The Drive-by Photo Tourist

I plan on making a camera, a front car bumper camera that captures the events of the low road at 192 frames per second. So that the next time I drive from Michigan to Tennessee or from Tennessee to Michigan I will have visual documentation of the distinct variations in road kill along that particular North/South route. Michigan deer is far messier (I drove over fifty yards of entrails and blood coming up I-69 near Coldwater and then encountered four other blood-splattered sections before Lansing) than Arkansas armadillos (they just hang out on the side of the road stiff, like footballs with claws, moving only if caught by the wind of an eighteen-wheeler) but both are alluring animals- dead or alive.

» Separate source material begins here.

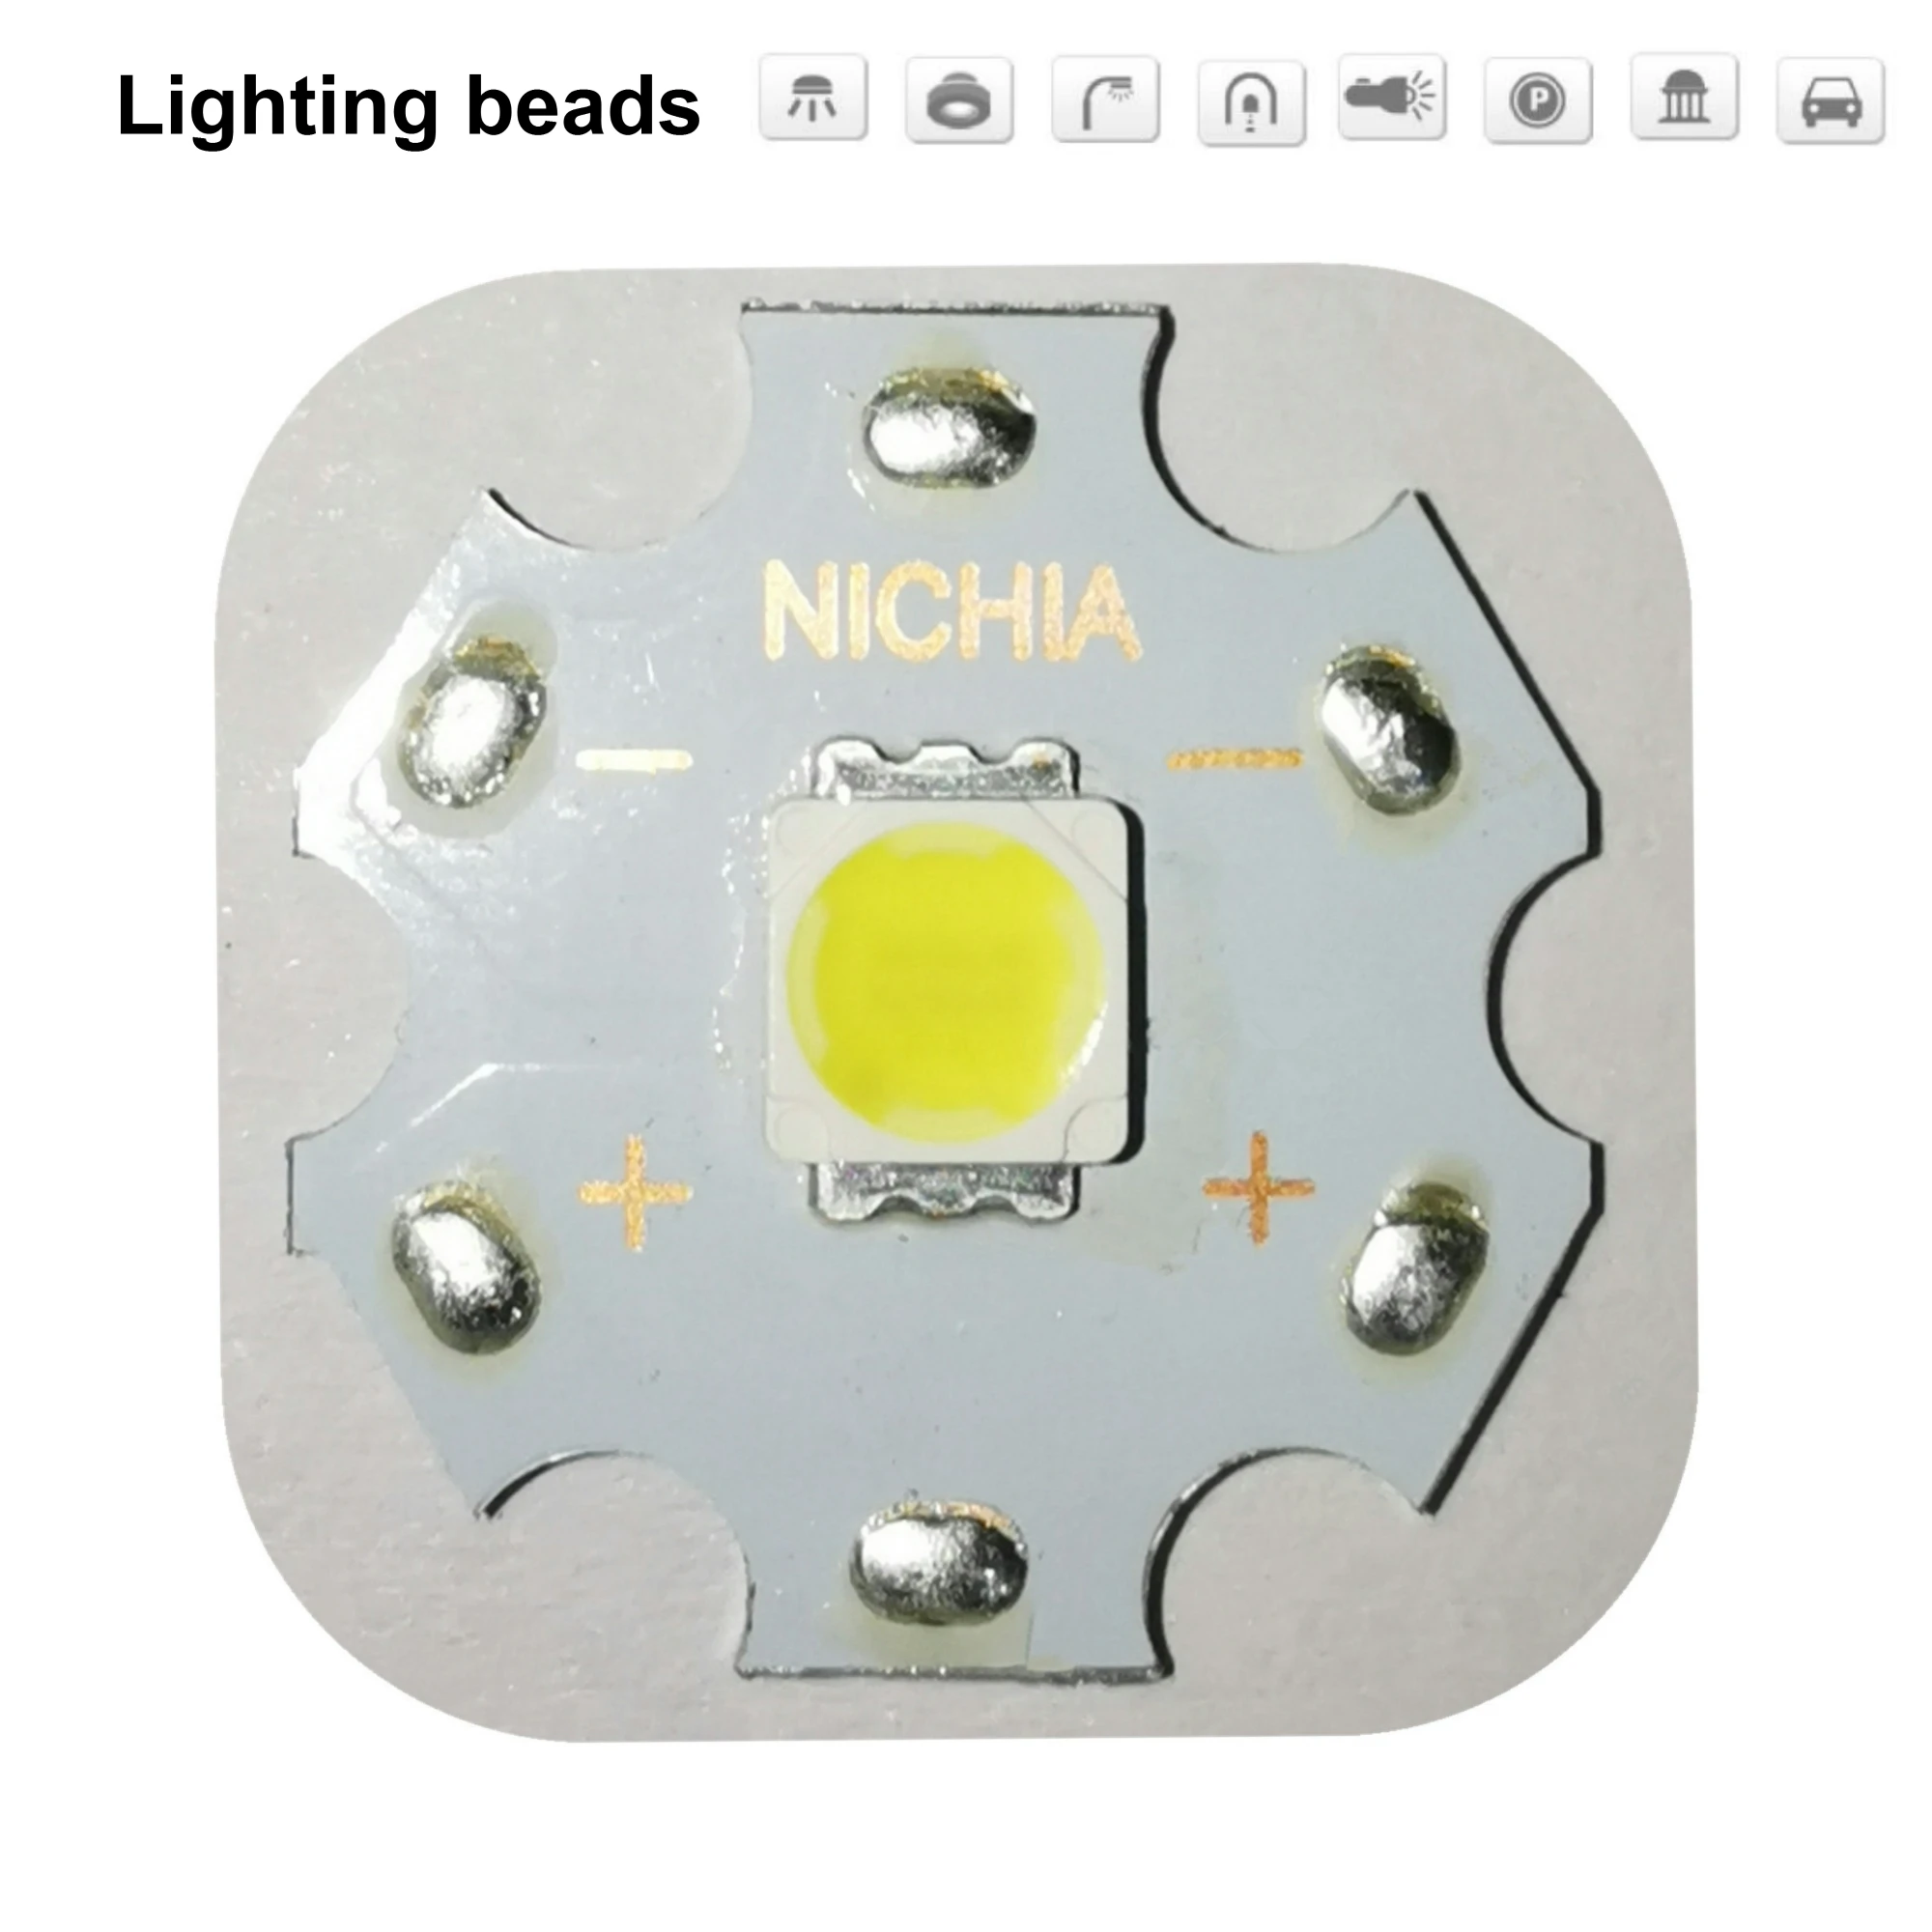 10 шт. NICHIA Cree MKR MK-R светодиодный 5060 излучатель 3 Вт 3 в теплый белый мигающий светильник фонарь светодиодный диодный чип светильник 280лм на 20 мм медной печатной плате
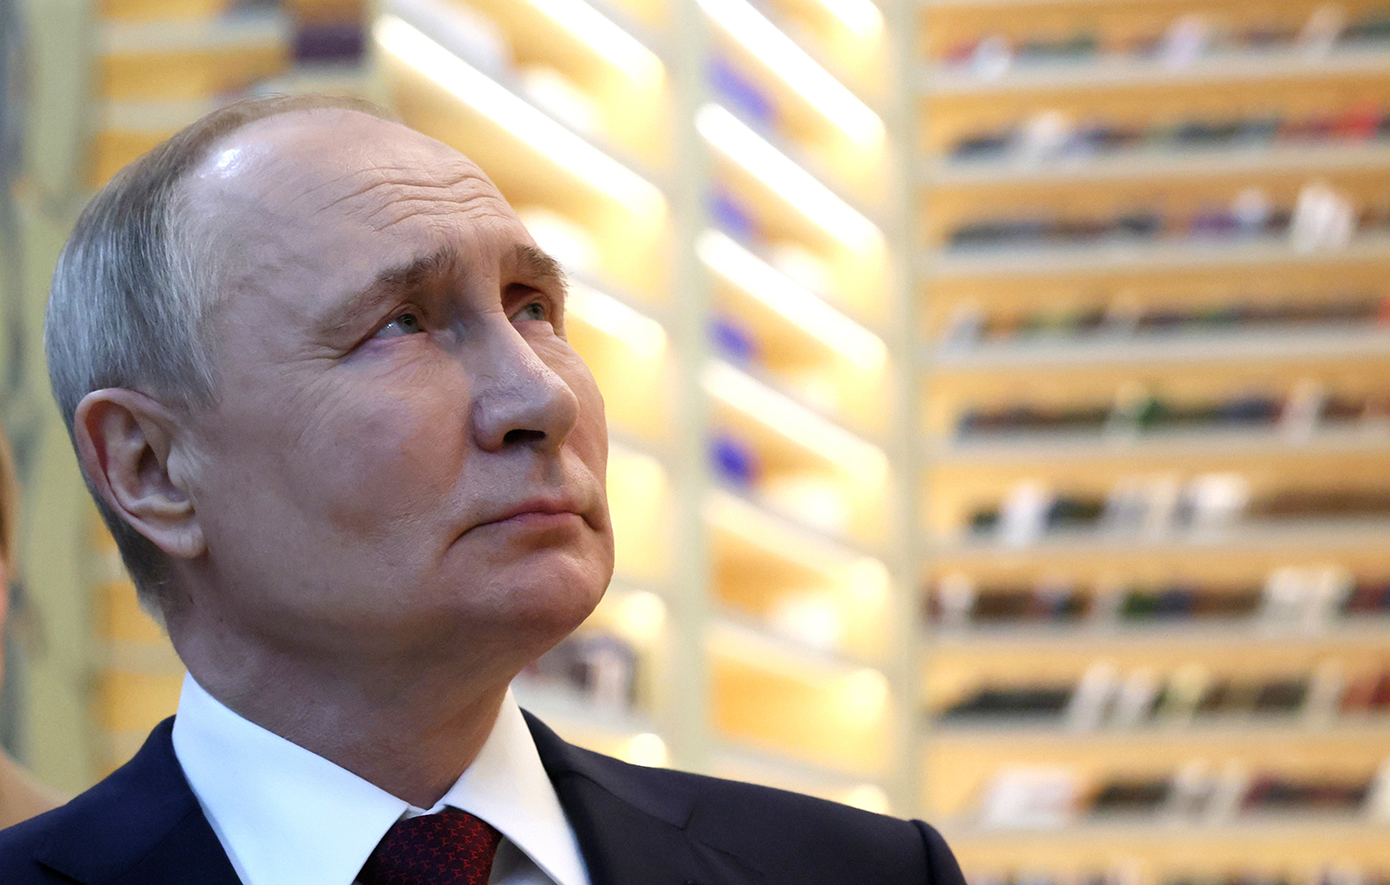 Οι τέσσερις αποφάσεις που στιγμάτισαν την εξουσία του Πούτιν

I’d like to have a camera covering the low road because I pretty much have the high road under control. I am able to take pictures, text, administer eye drops, and sharpen pencils while driving.

I was in Northern Indiana by the time the sun started to come up and turn Muncie into a setting straight out of a Dutch landscape (or an Enya CD cover):

SUNRISEdrive

There is no other way to see the midwest farm country. I know this because I grew up there and all the farmers got up early not just because it is a good time to milk cows but because it looks cool.

And it is all about looks in the end. It was a little over a year ago in Badwater Basin when Bethany and I discovered our true vocational calling, capturing sunsets in our hearts. Sunrises are sunsets somewhere so these count too:

P1200729

P1200731

Roadkill to hippy in one entry. I’m available for your next dinner party.